Task prompt - The result should be the full listing copied exactly, with no pictures in it.
-- Supplied information follows --
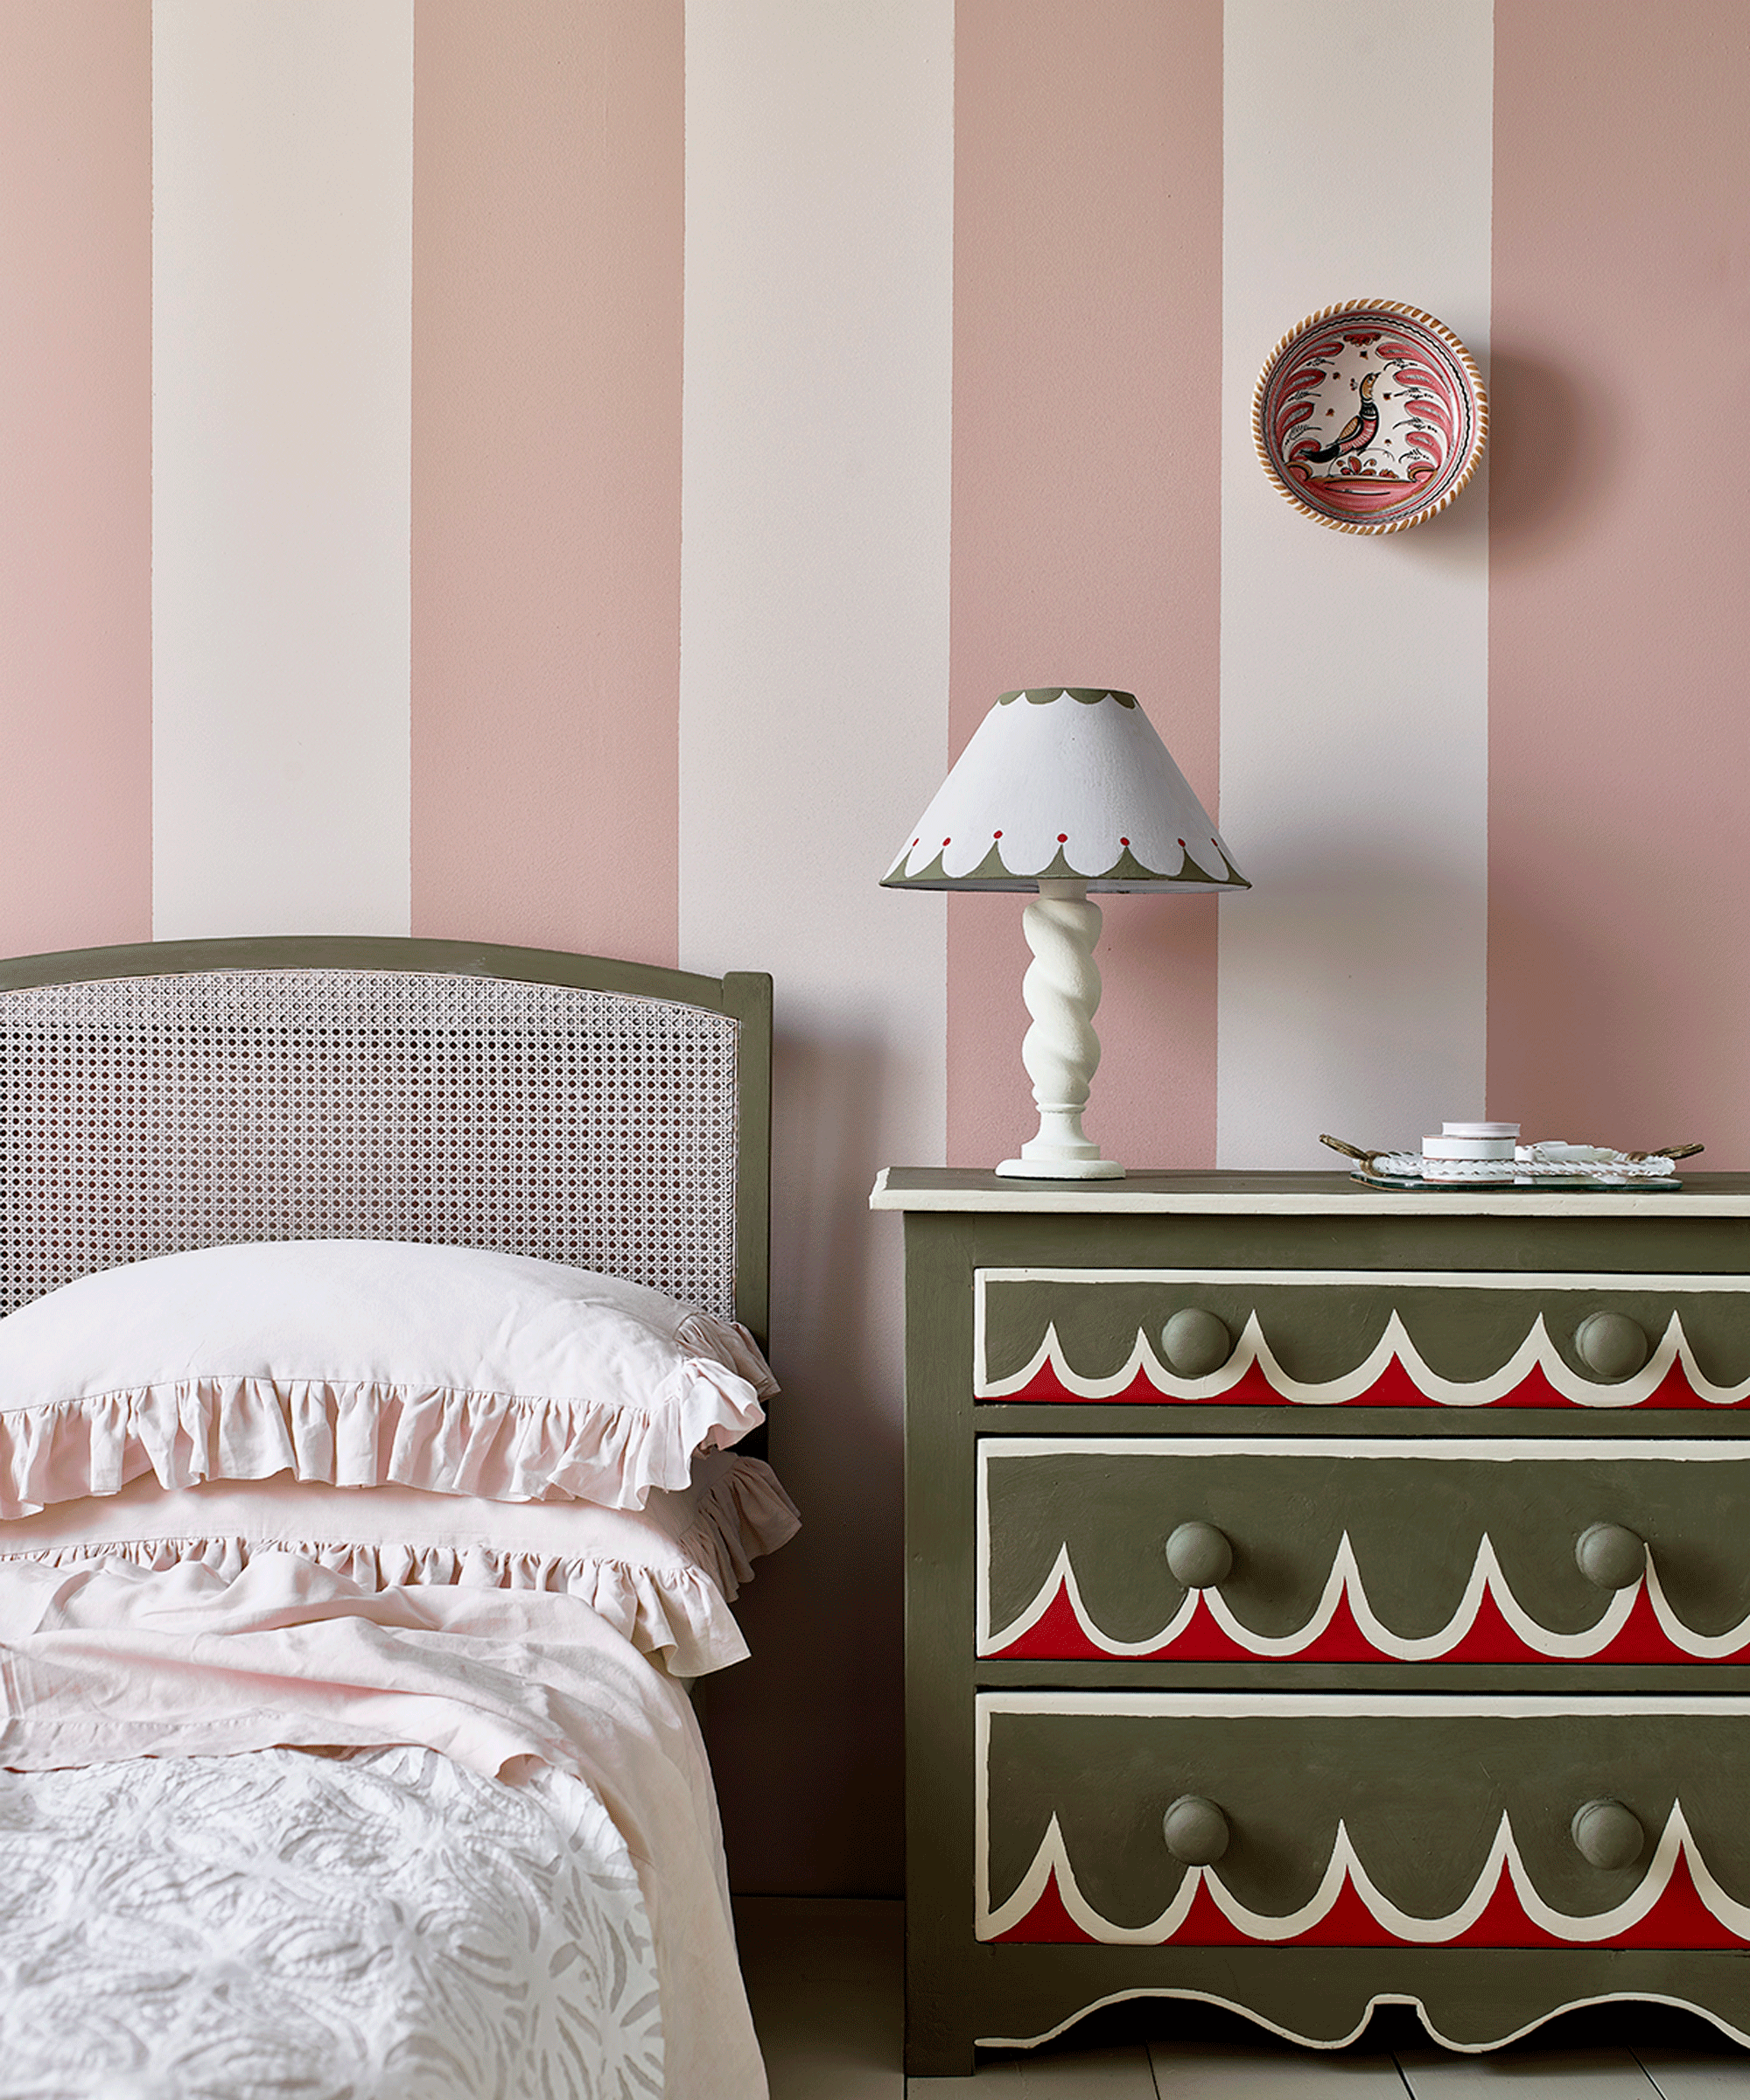 Bedroom with pink and white walls and patterned bedside table
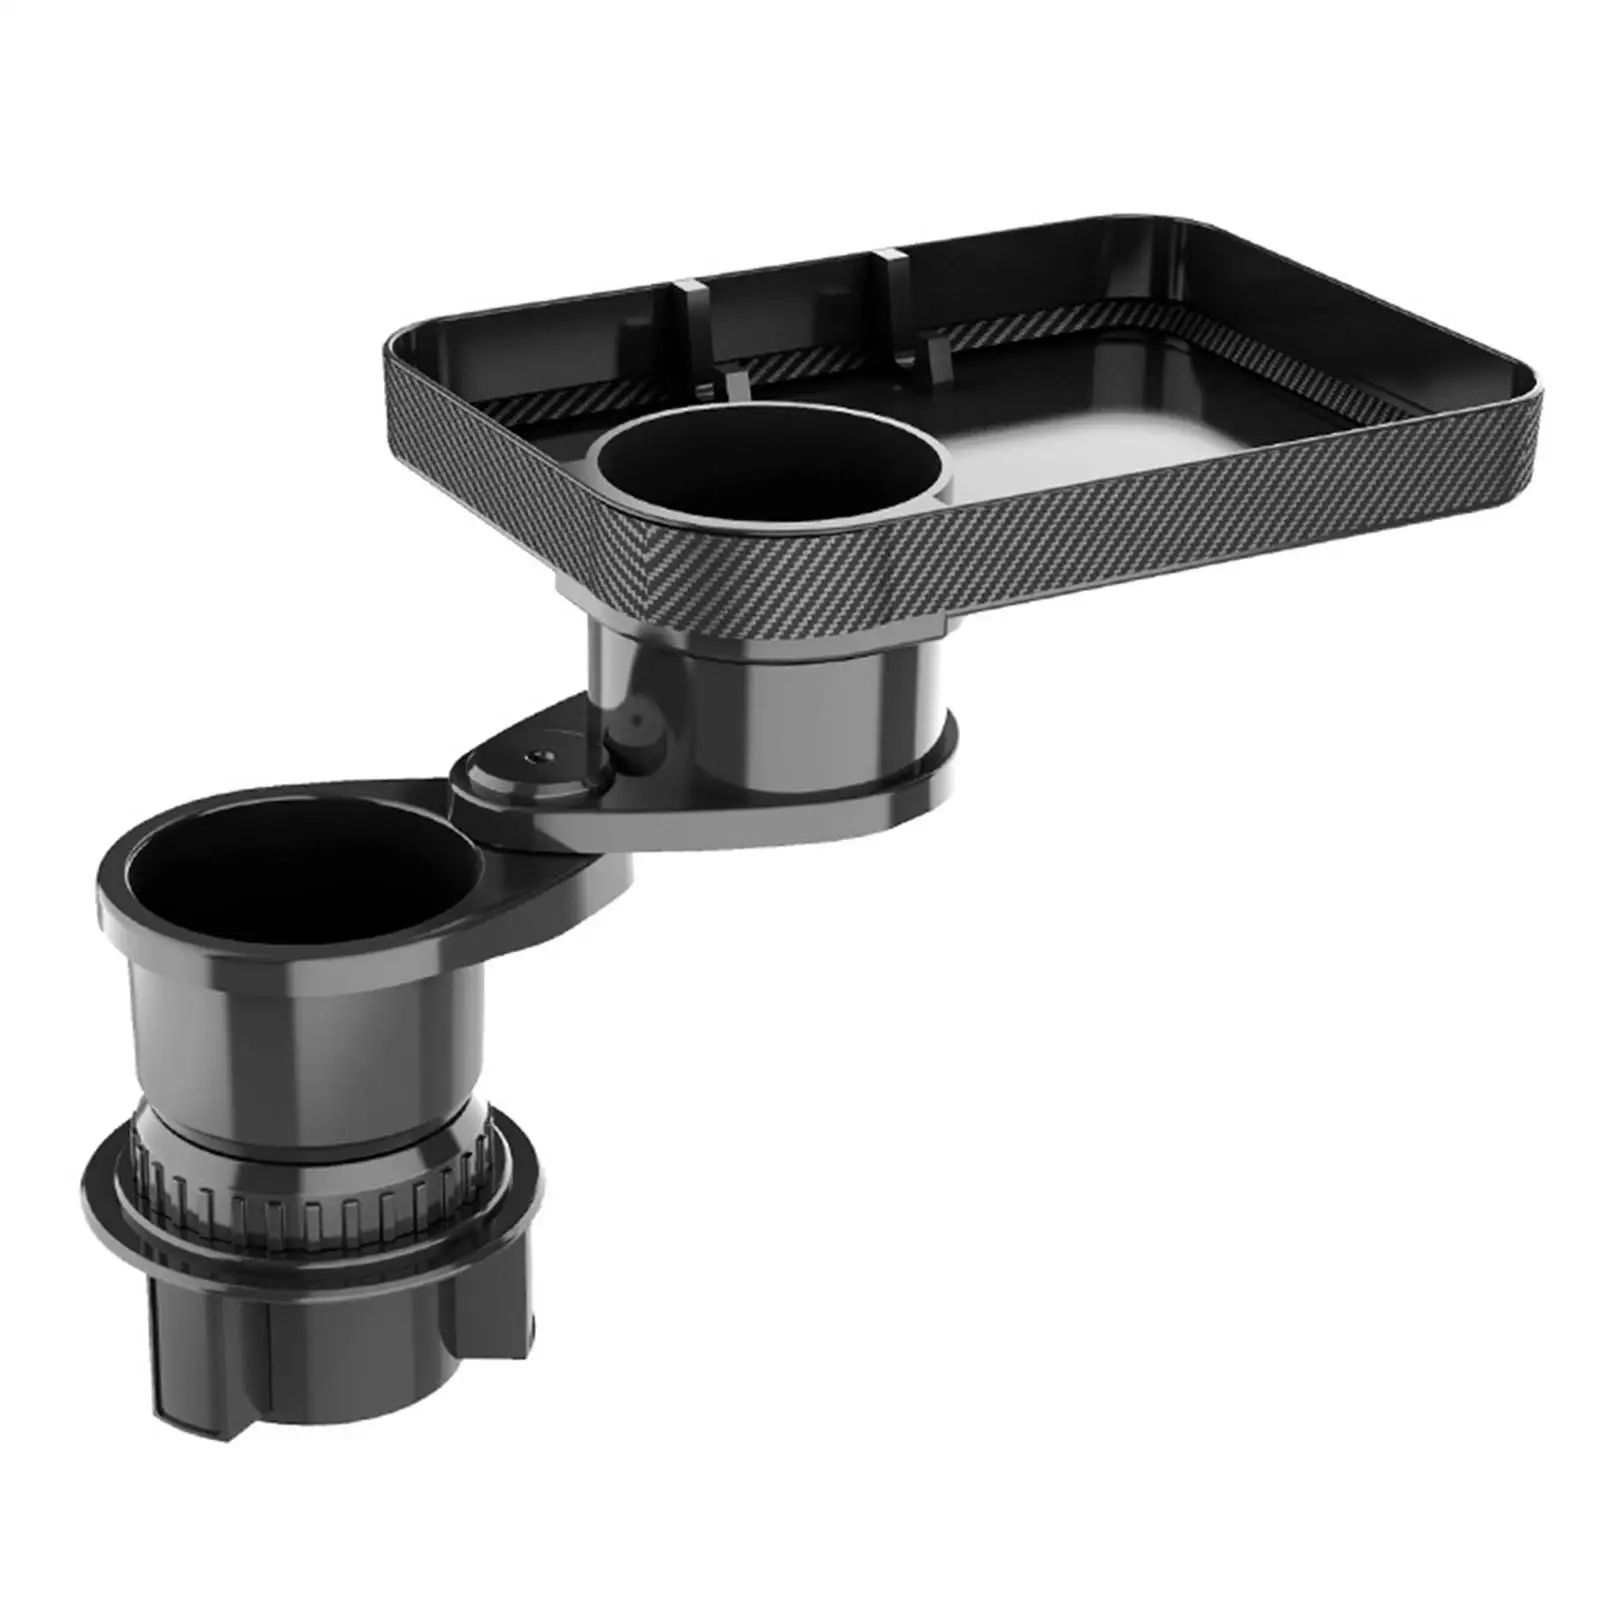 Car Cup Holder Expander Generic Cup Holder Tray for Keys Vehicle Trucks
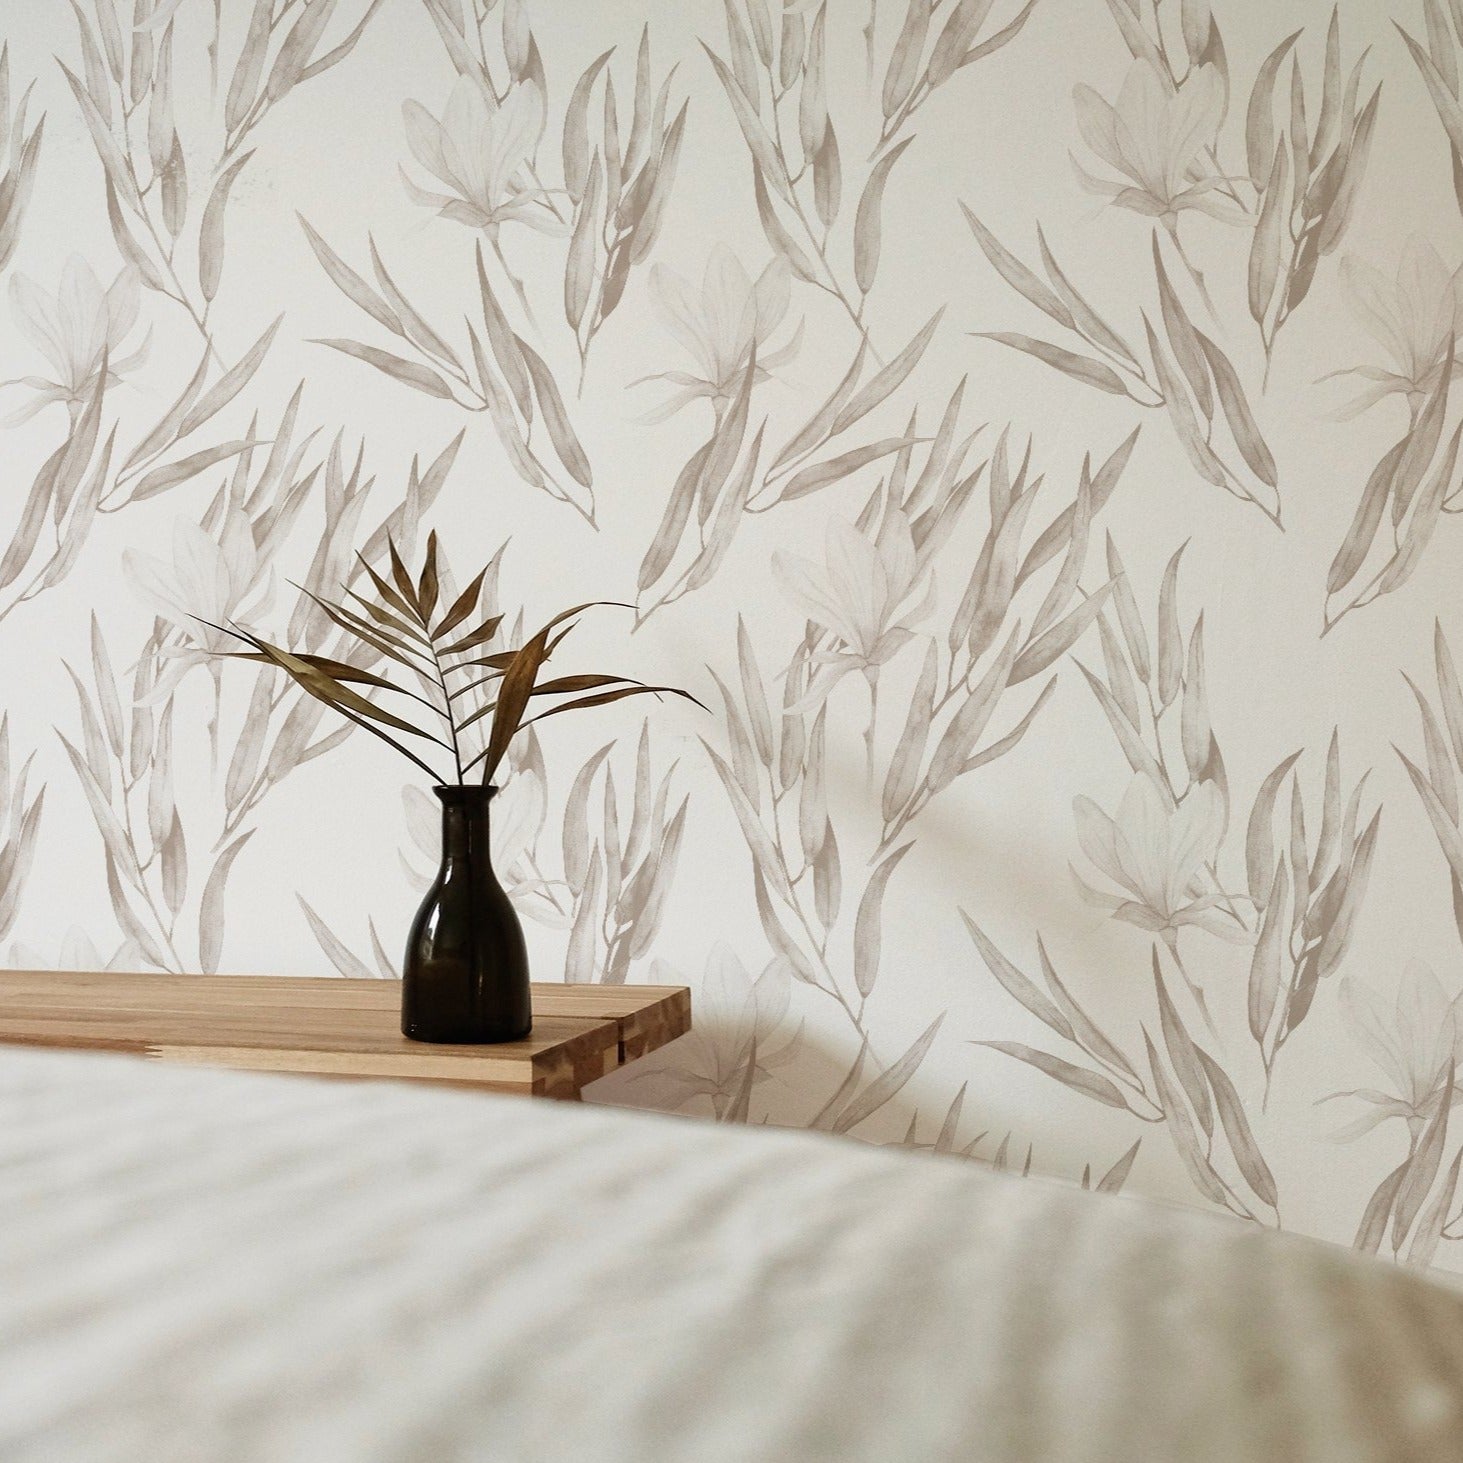 A serene bedroom decorated with wallpaper featuring soft watercolor illustrations of beige flowers and leaves. The space includes a wooden table with a dark vase holding dried foliage, enhancing the tranquil and elegant atmosphere.
-- Supplied information concluded --
Answer box -
 Bedroom with pink and white walls and patterned bedside table
 Car Cup Holder Expander Generic Cup Holder Tray for Keys Vehicle Trucks
 A serene bedroom decorated with wallpaper featuring soft watercolor illustrations of beige flowers and leaves. The space includes a wooden table with a dark vase holding dried foliage, enhancing the tranquil and elegant atmosphere.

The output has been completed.